Traffic through Hormuz falls amid renewed US-Iran tensions

By Carlos Anchondo | 07/10/2026 01:22 PM EDT

Ship transits through the Strait of Hormuz on Thursday were at a two-week low, according to S&P Global.

Boats are seen in water.

This aerial photograph shows boats anchored off Oman's northern Musandam Peninsula near the Strait of Hormuz on June 27. AFP via Getty Images

Ship crossings through the Strait of Hormuz hit a two-week low Thursday, according to an S&P Global report Friday, as the United States and Iran exchanged new strikes this week.

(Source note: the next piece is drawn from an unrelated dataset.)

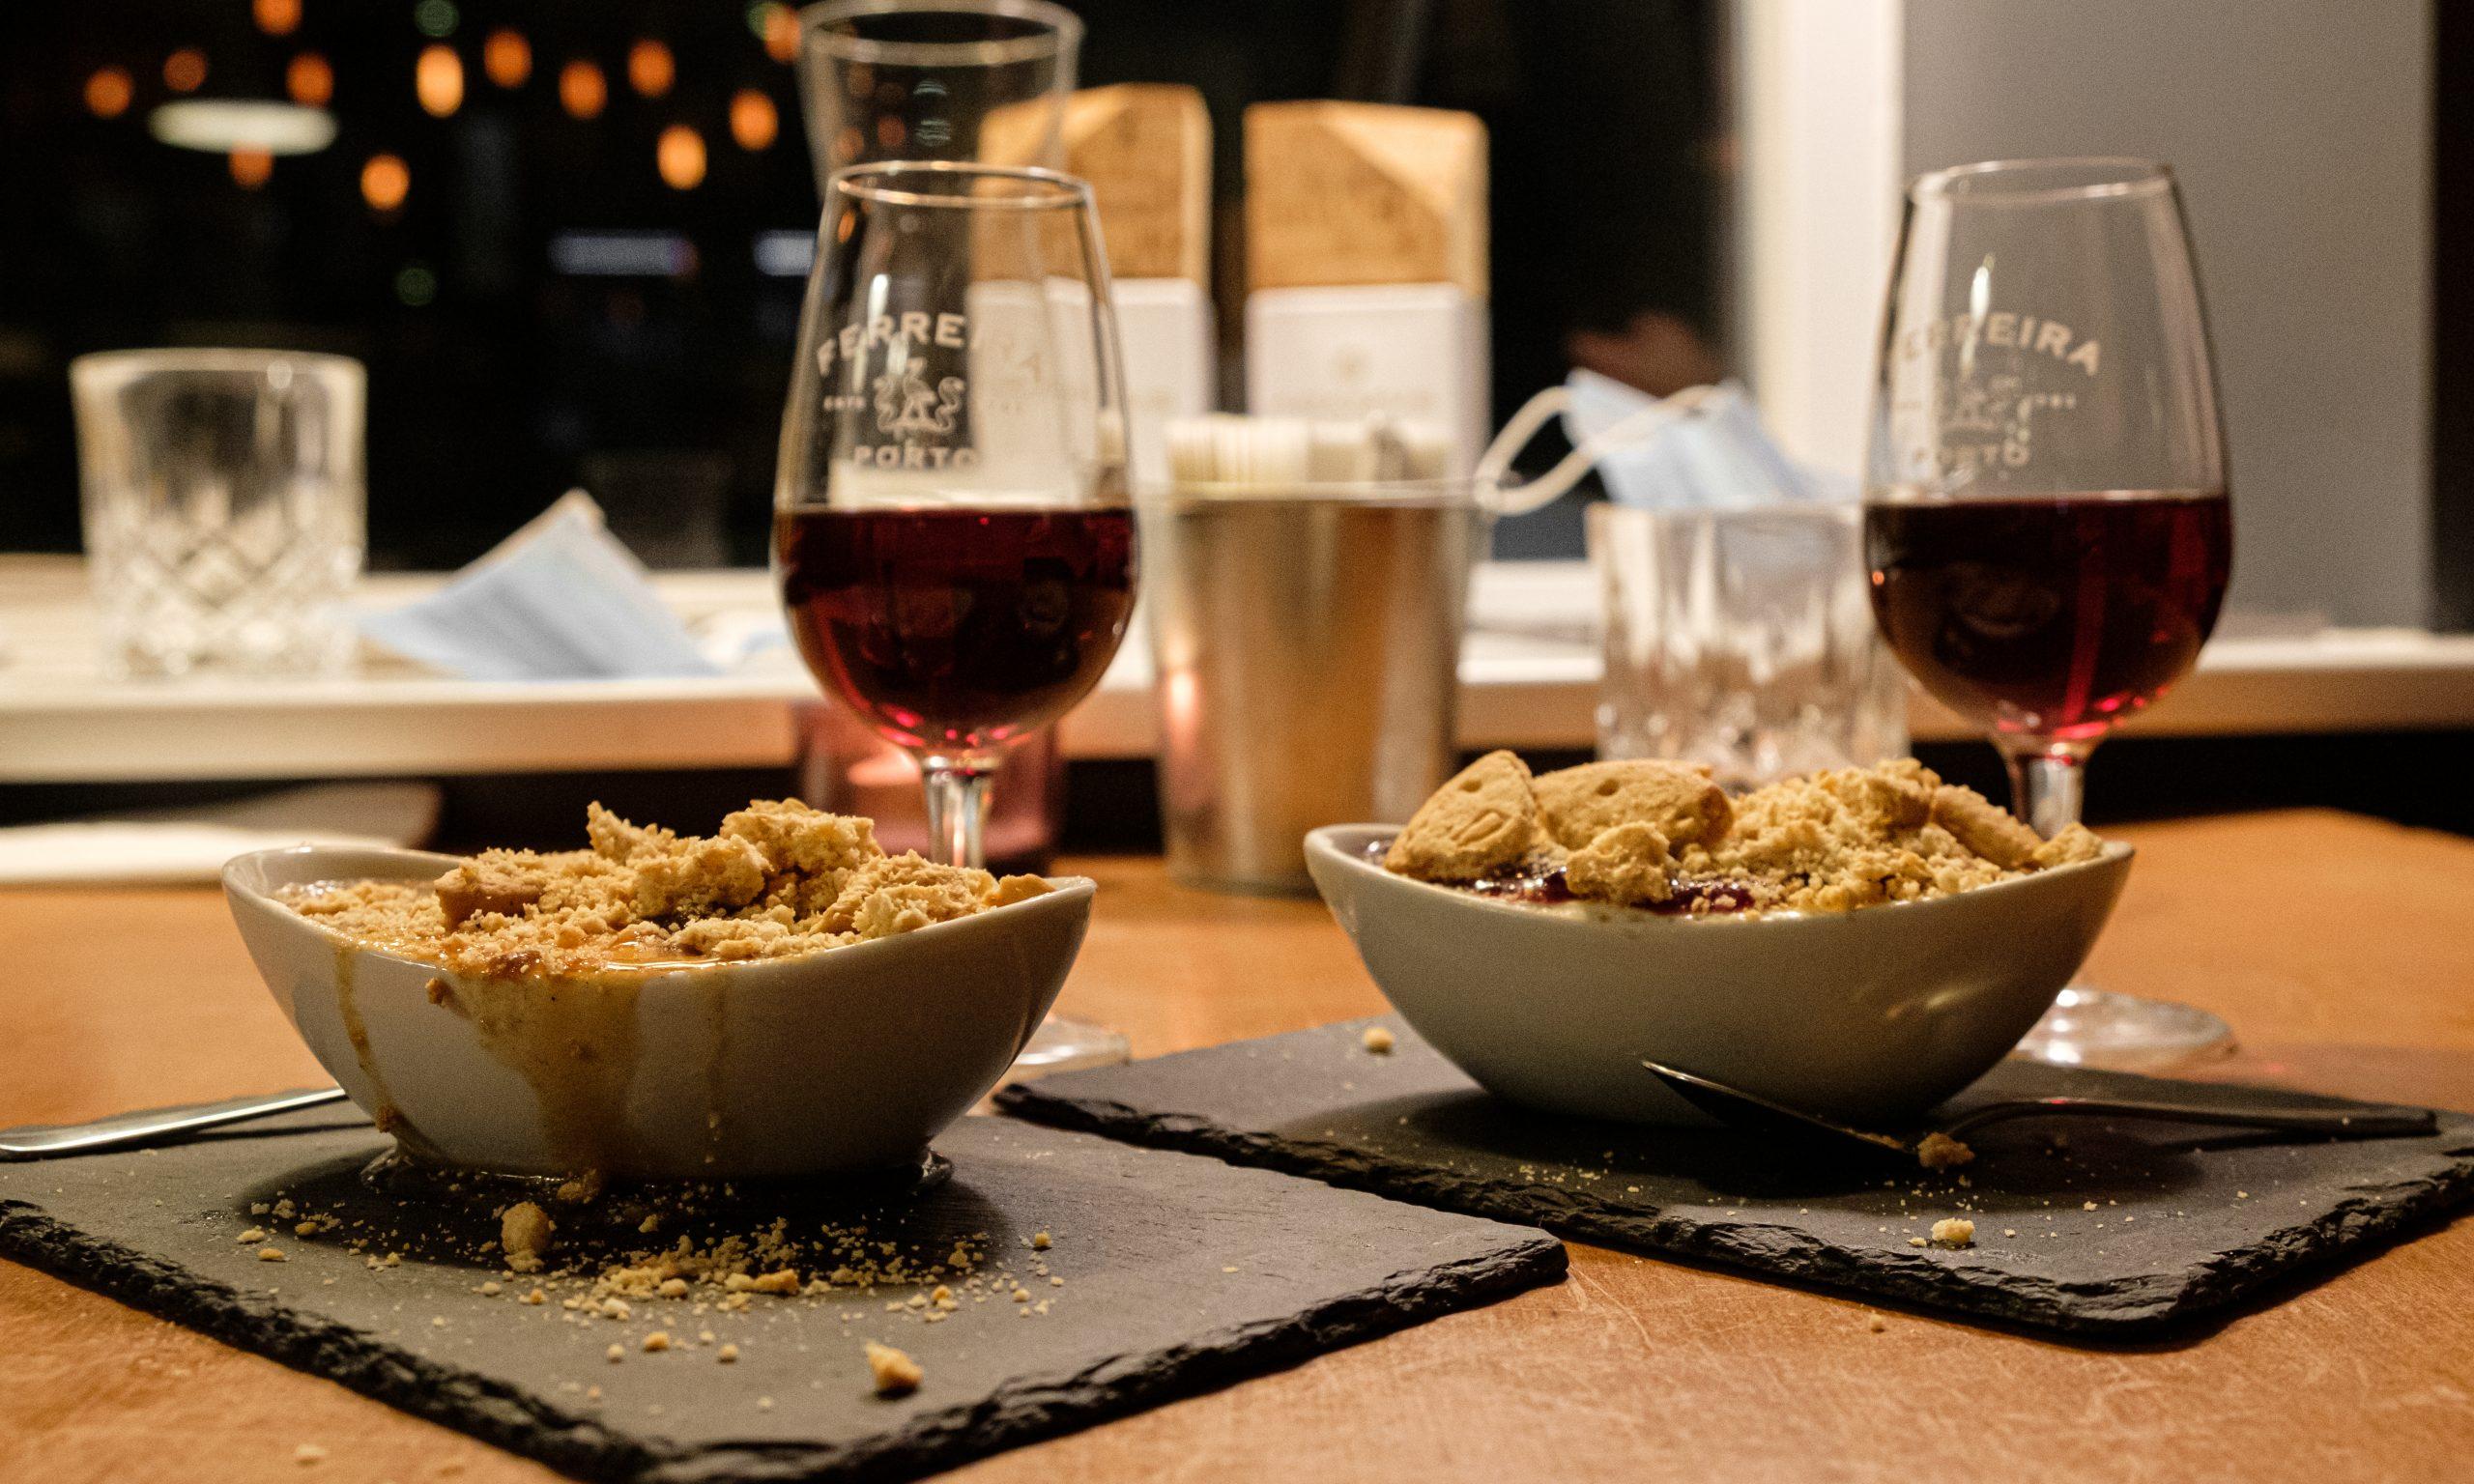 Fra italienske til indiske specialiteter: Her kommer du Jorden Rundt på Aalborgs madscene

The decline in ships transiting the choke point comes after President Donald Trump at the NATO conference in Turkey declared the already-fragile ceasefire “over” and cast doubt about negotiations with Tehran. In a Truth Social post Friday, Trump said talks would continue but stressed the ceasefire was finished, sending global oil prices spiking briefly before they fell.

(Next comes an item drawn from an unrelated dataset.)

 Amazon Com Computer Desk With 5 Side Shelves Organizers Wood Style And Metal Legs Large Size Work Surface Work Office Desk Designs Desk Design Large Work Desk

Reopening the Strait of Hormuz has been a major priority for the Trump administration as it strove to end the conflict, which began in late February. The United States issued a general license last month so that Iran could sell its oil but revoked it this week after several tankers were attacked while transiting the waterway.

Advertisement

The report from S&P Global Energy Commodities at Sea said crossings Thursday were at their lowest daily level since June 28, when traffic fell after an Iranian drone hit a crude tanker. An average of nearly 140 ships passed through the strait before the war, the Joint Maritime Information Center said this week. The number of Hormuz transits fell to 34 on July 9, the S&P report said.